Dating is a serious sport. You must be prepared and in shape before you hit the court or the field; stay ready because there will be no time to get ready.
As I always say, I can't afford to waste energy, emotions or time on any relationship that I don't think can last forever. So, I've come up with some preliminary yet essential questions to ask before investing too much time into a situation.
They are not necessarily listed in any order of importance. . .
1. Are you married and/or do you have a girlfriend? You would think this wouldn't be necessary because obviously a man that is attached would not try to "holla" at anyone else. Not!
2. Does anyone think they are about to marry you/think that they are your girlfriend?

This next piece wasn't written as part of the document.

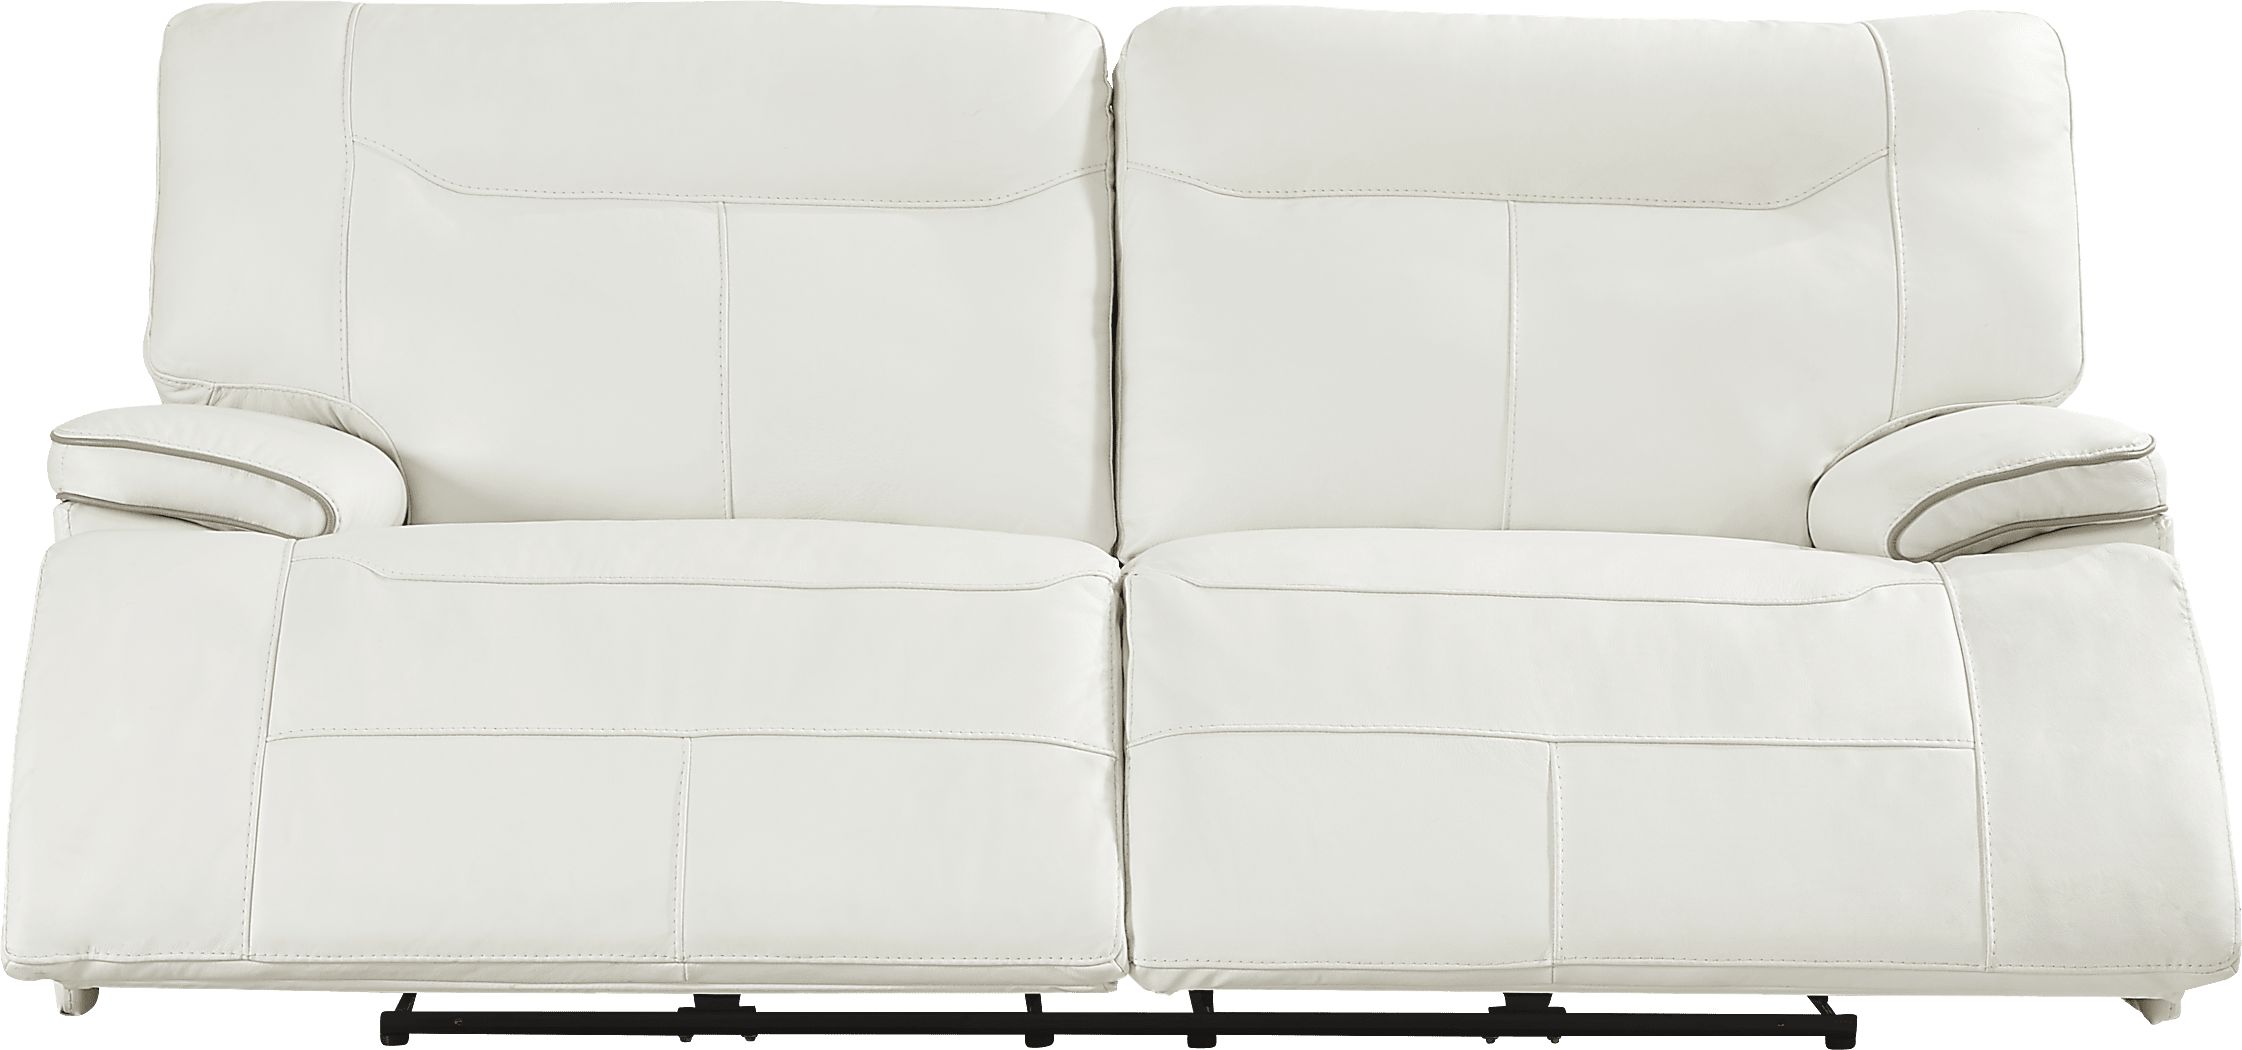 Cindy Crawford Cindy Crawford Home Bernsley White Leather Dual Power Reclining Sofa

I learned to ask this question when my ex tried to get back together with me when his "friend" had already picked out their wedding date.

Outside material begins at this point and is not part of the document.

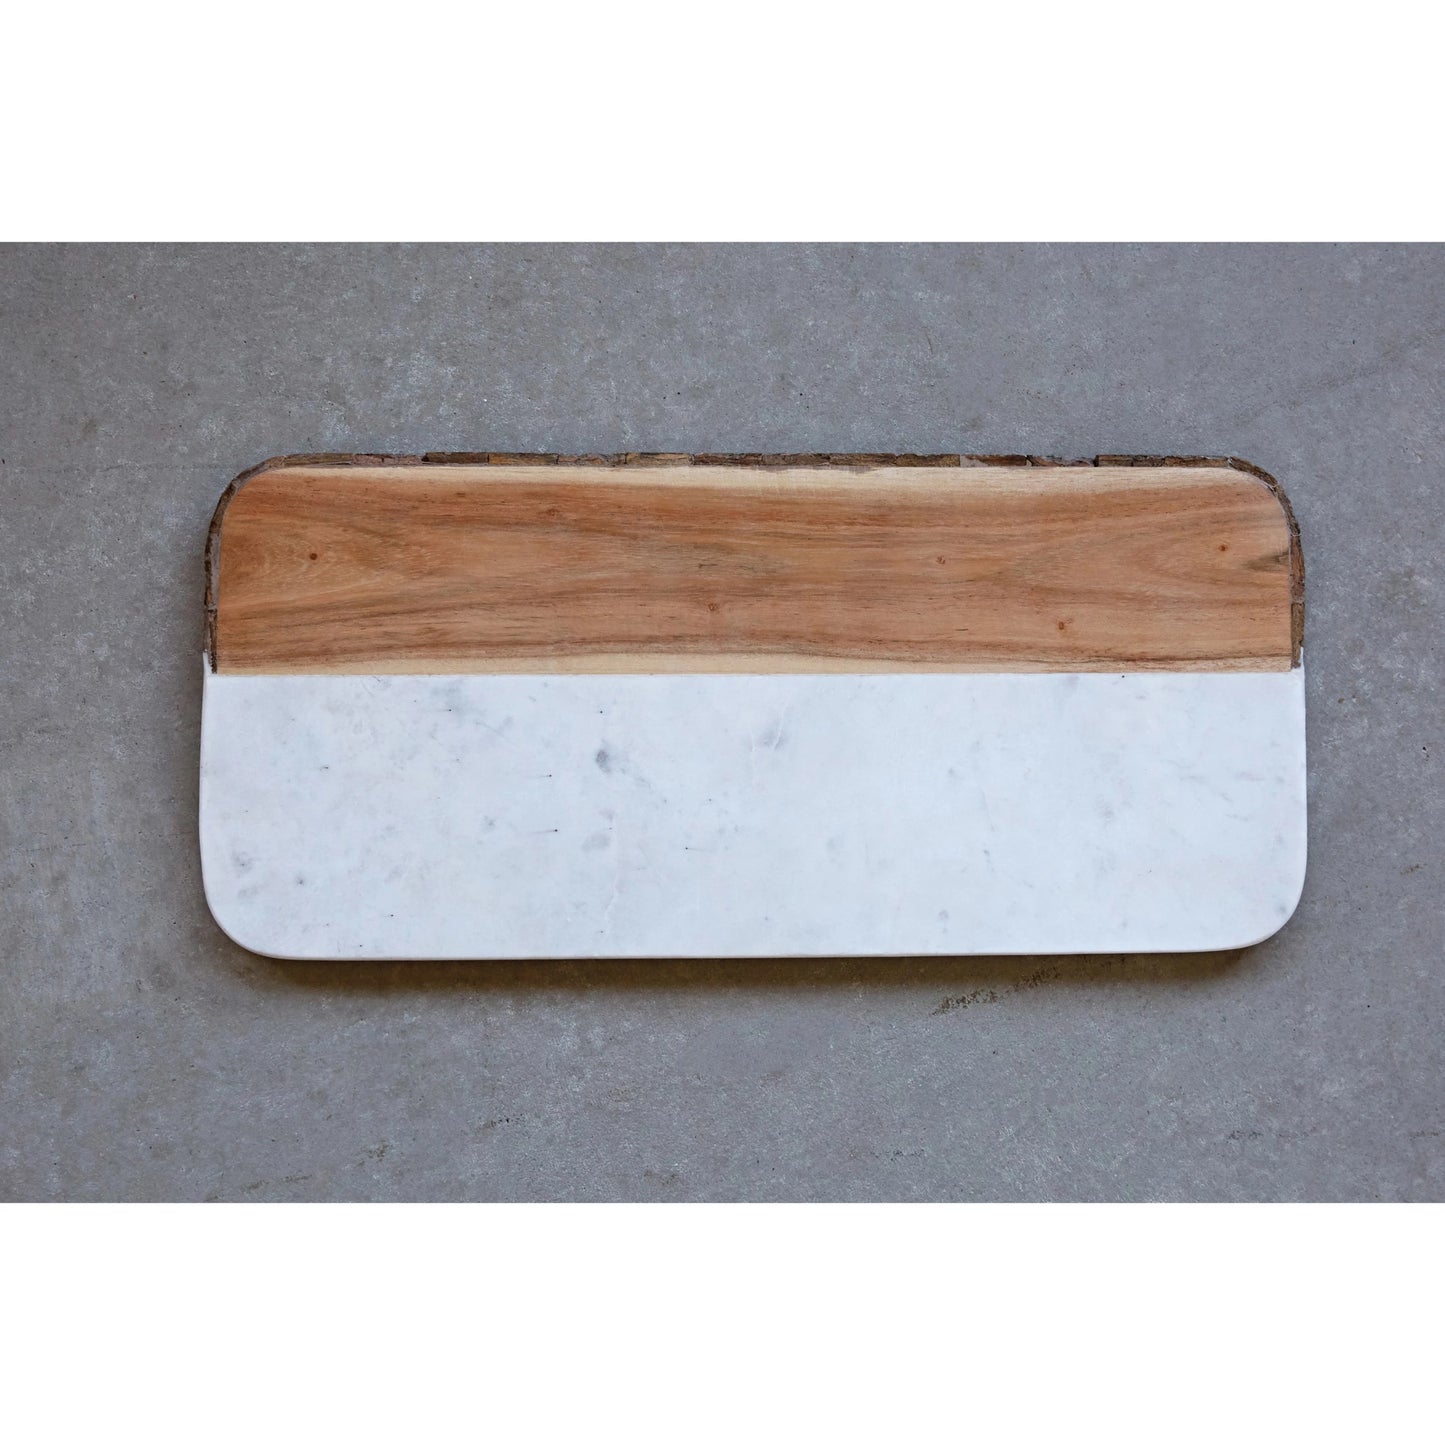 Cheese/Cutting Board with Bark Edge

3a. Are you divorced? Being separated and/or living apart does not count even if it has been several years.
3b. If you are divorced, may I see the papers, please. No? What county were you married in, I can find them myself.
4. Do you have any children?
5. Does anyone think you are the father of their child?
6. Do you currently have a seed in utero? This is important because someone may say no to #4 because they believe life begins at birth.
7. Have you ever had a sexual encounter with another man? I learned in an AIDS awareness class that it is better to describe behavior than to attach labels.
8. Are you a liar? Of course you will probably not get a truthful answer but it is good to see how they react to the question (also true for #7 and the following question).
9. How do you feel about men who like to try on women's clothing? This is not a judgment but it is need-to-know information. I met a guy who eventually admitted that he liked to wear women's shoes because they were more comfortable.
10. Have you ever been incarcerated? I asked this question as a joke but the answer wasn't funny.